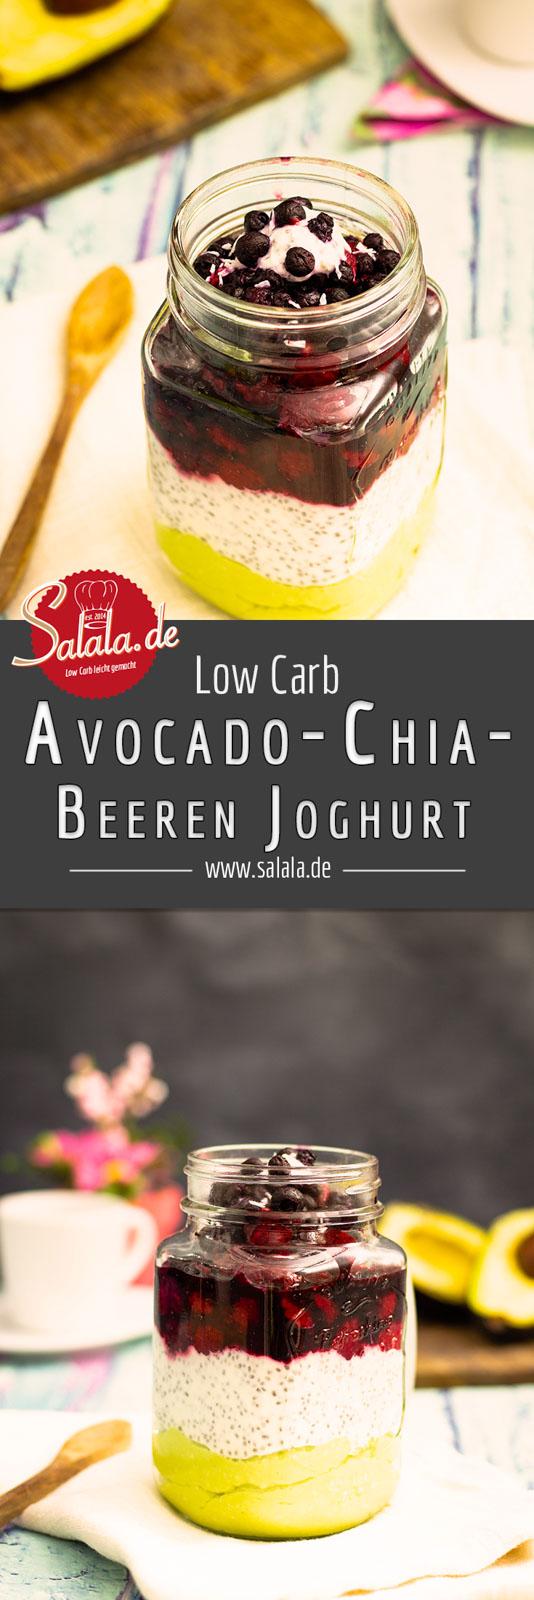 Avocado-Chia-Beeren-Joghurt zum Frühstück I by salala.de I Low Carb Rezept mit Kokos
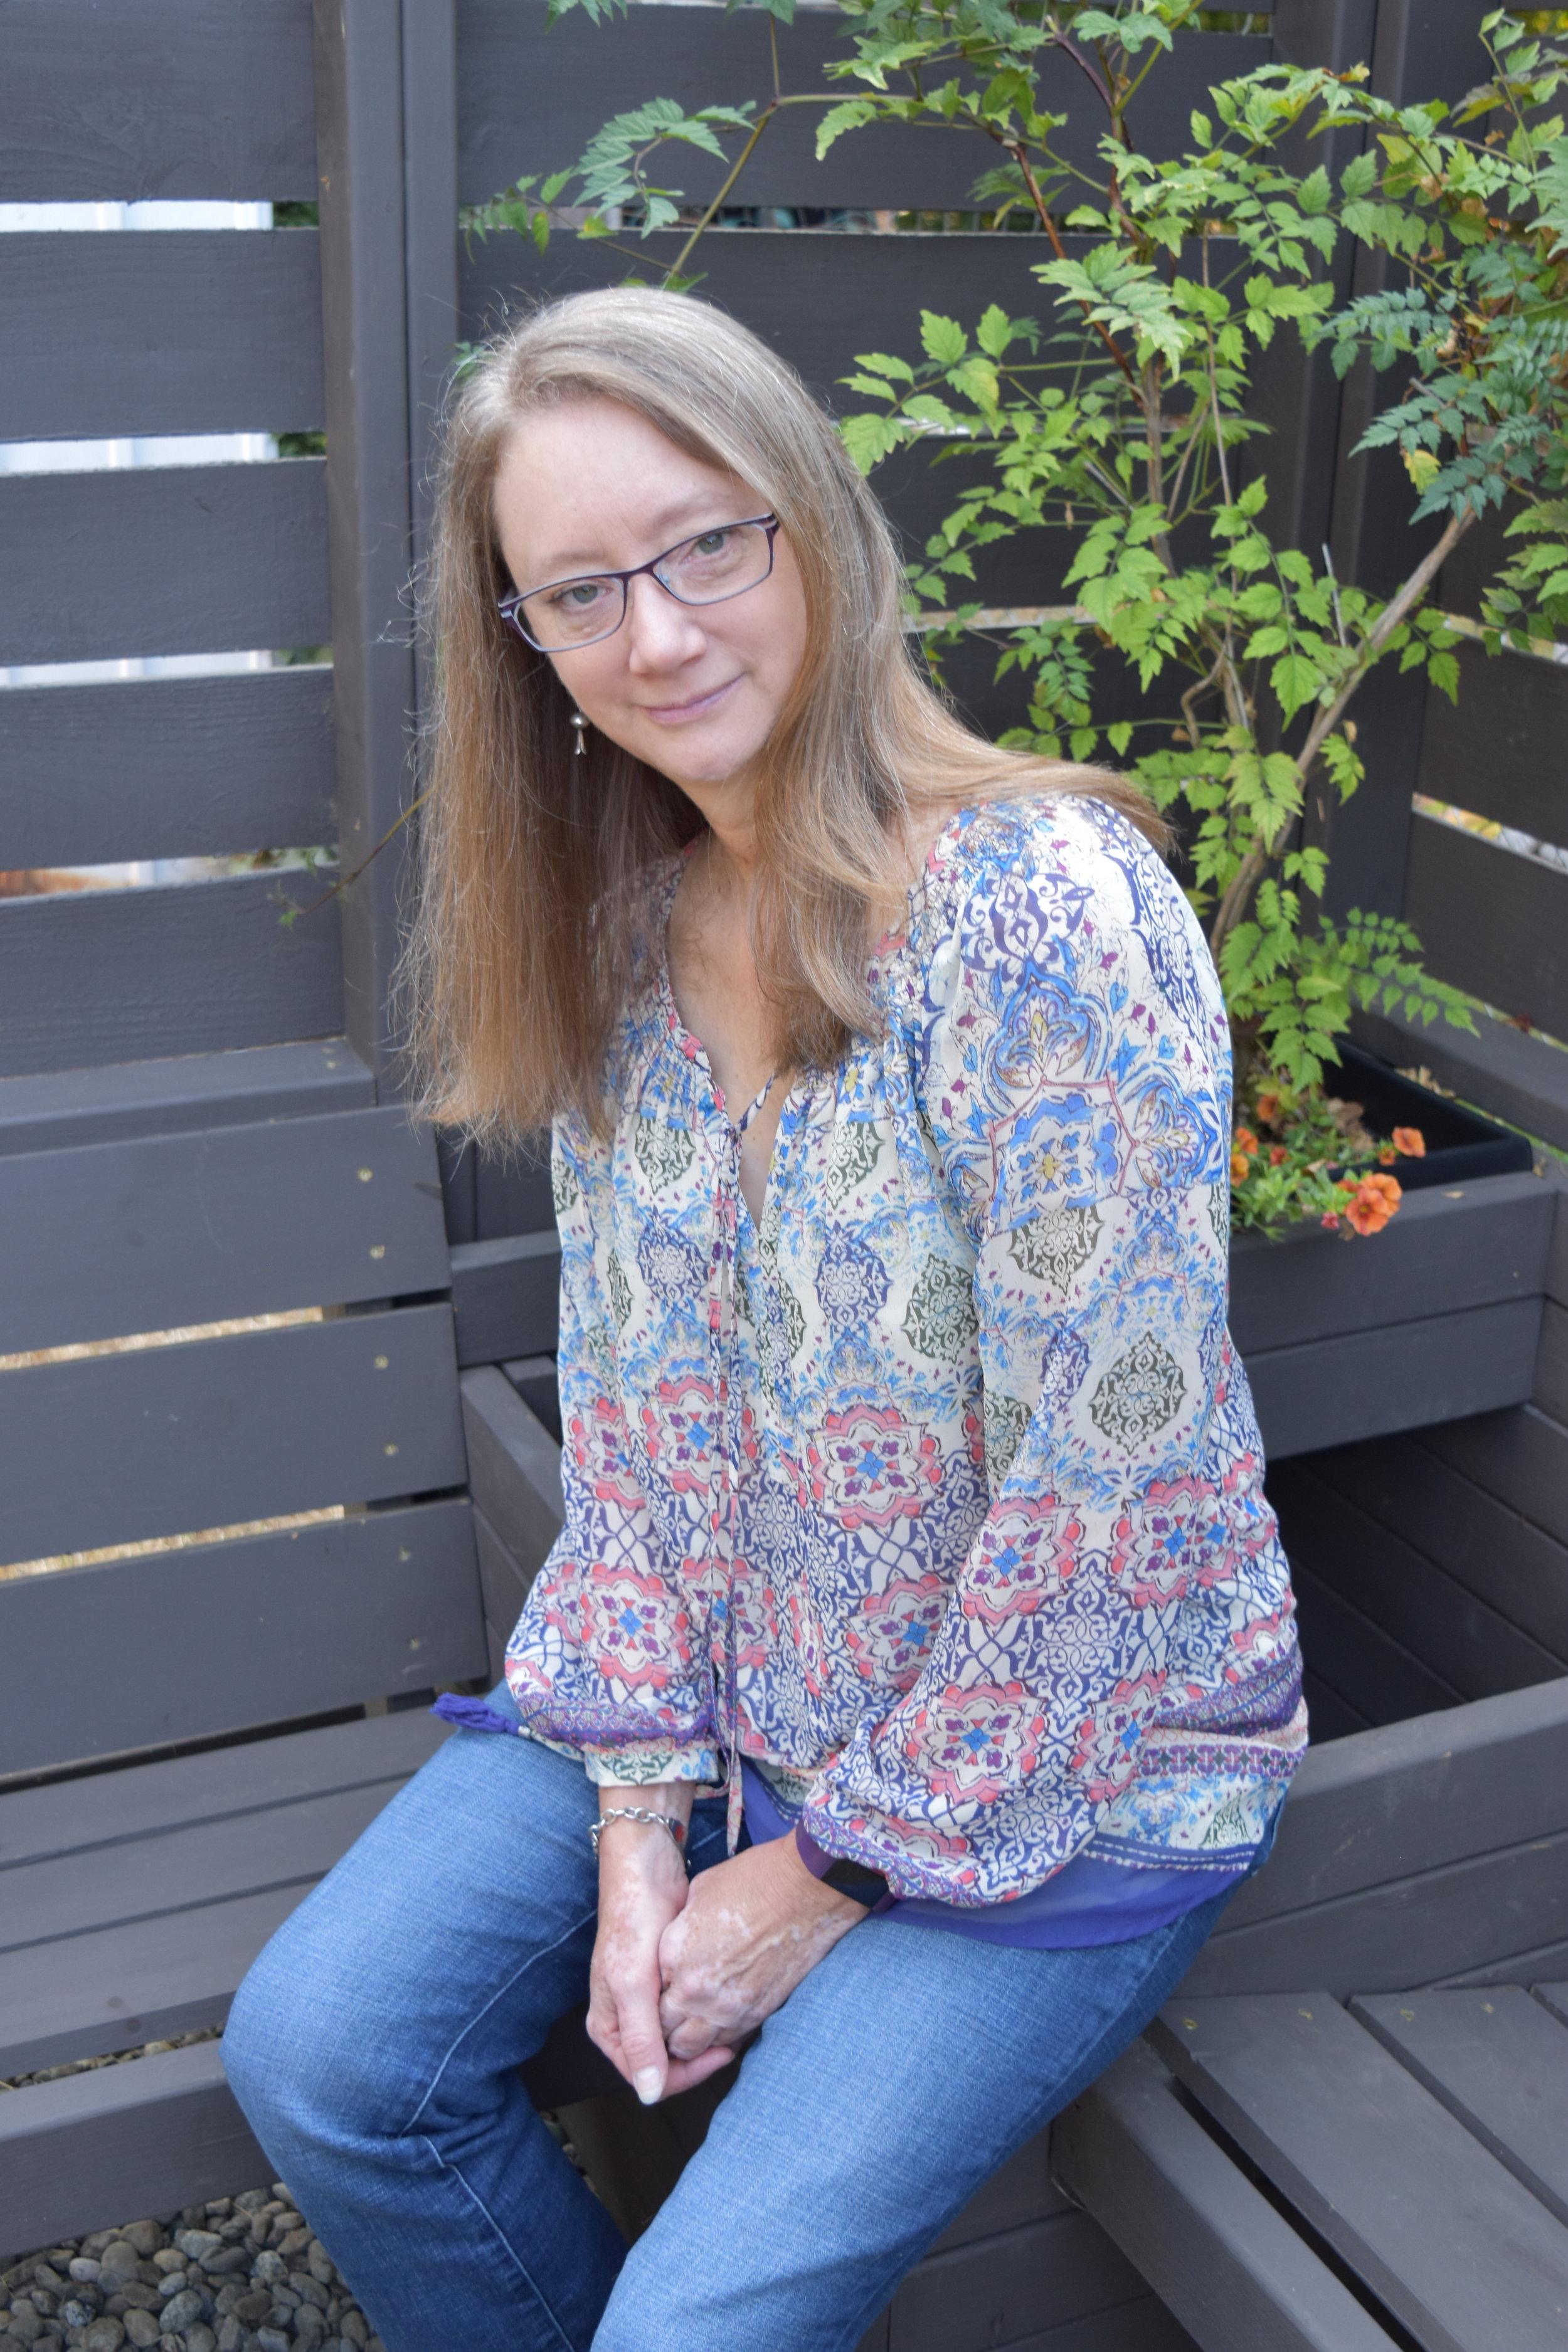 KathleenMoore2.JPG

════════

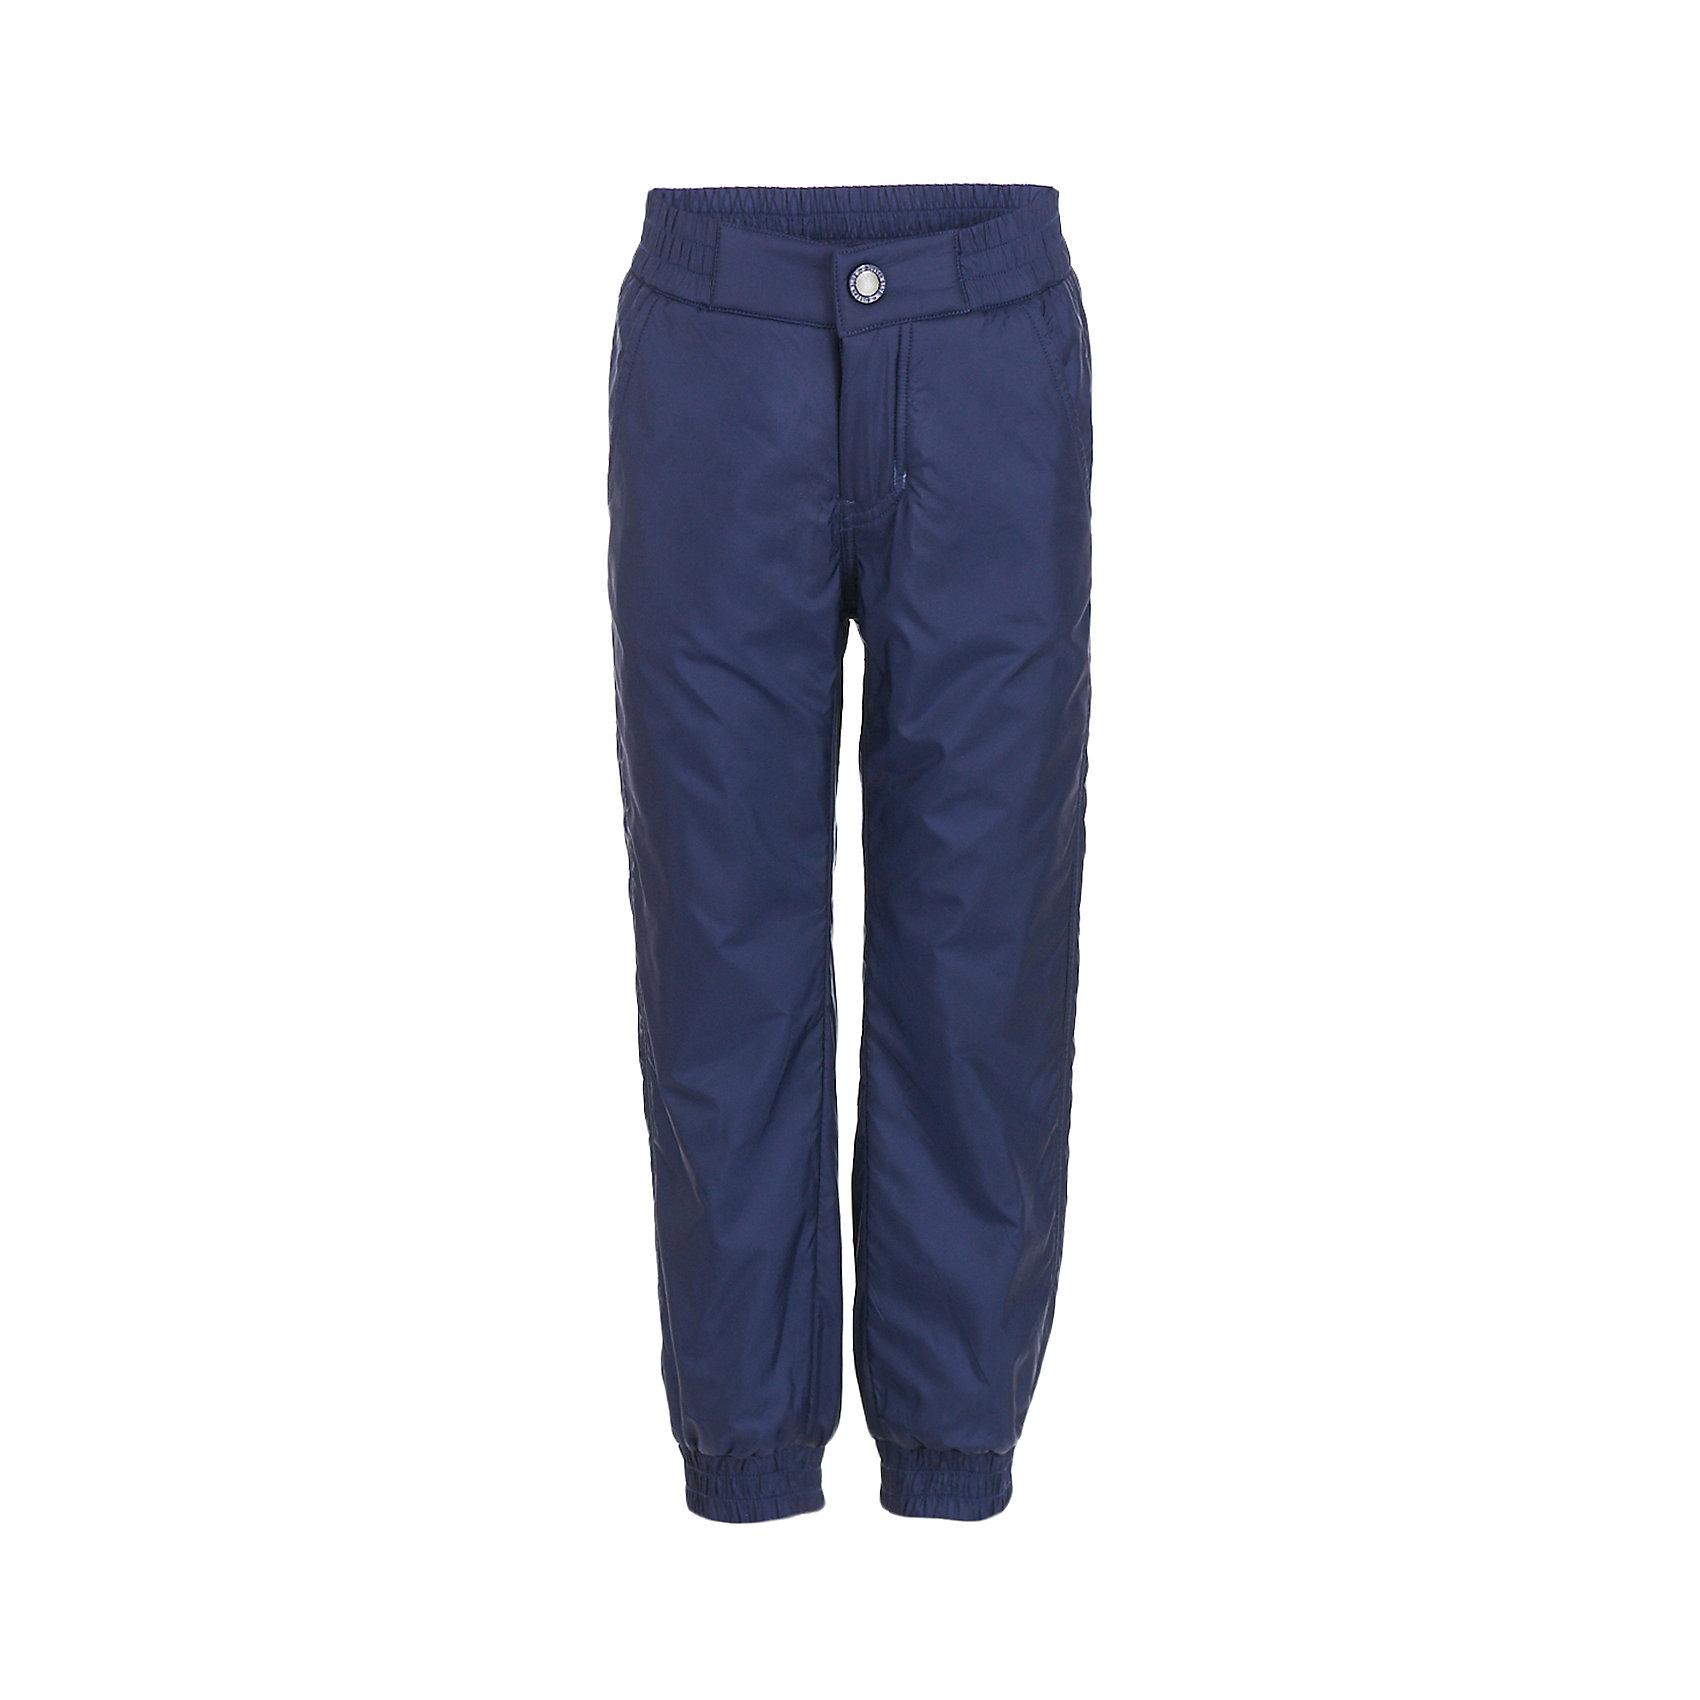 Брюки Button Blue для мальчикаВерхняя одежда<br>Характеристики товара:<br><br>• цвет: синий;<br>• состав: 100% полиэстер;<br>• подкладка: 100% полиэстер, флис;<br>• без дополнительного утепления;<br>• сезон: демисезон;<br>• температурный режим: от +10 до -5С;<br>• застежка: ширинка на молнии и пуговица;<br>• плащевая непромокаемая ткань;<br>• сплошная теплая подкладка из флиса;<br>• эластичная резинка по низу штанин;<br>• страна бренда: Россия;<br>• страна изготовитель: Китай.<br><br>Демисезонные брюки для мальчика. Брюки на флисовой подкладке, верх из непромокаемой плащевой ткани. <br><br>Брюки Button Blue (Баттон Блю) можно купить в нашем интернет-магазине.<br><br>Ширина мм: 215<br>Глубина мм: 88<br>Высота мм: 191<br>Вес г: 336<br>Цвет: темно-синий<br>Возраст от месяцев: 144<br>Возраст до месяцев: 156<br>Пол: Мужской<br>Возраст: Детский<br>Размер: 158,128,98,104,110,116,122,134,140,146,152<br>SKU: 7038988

════════

Nothing outside the stretch above, from the line with "Avocado-Chia-Beeren-Joghurt zum Frühstück" through the line with "KathleenMoore2.JPG", is set down. Transcribe that stretch exactly, ends included, but not its pictures.

 Avocado-Chia-Beeren-Joghurt zum Frühstück I by salala.de I Low Carb Rezept mit Kokos
 KathleenMoore2.JPG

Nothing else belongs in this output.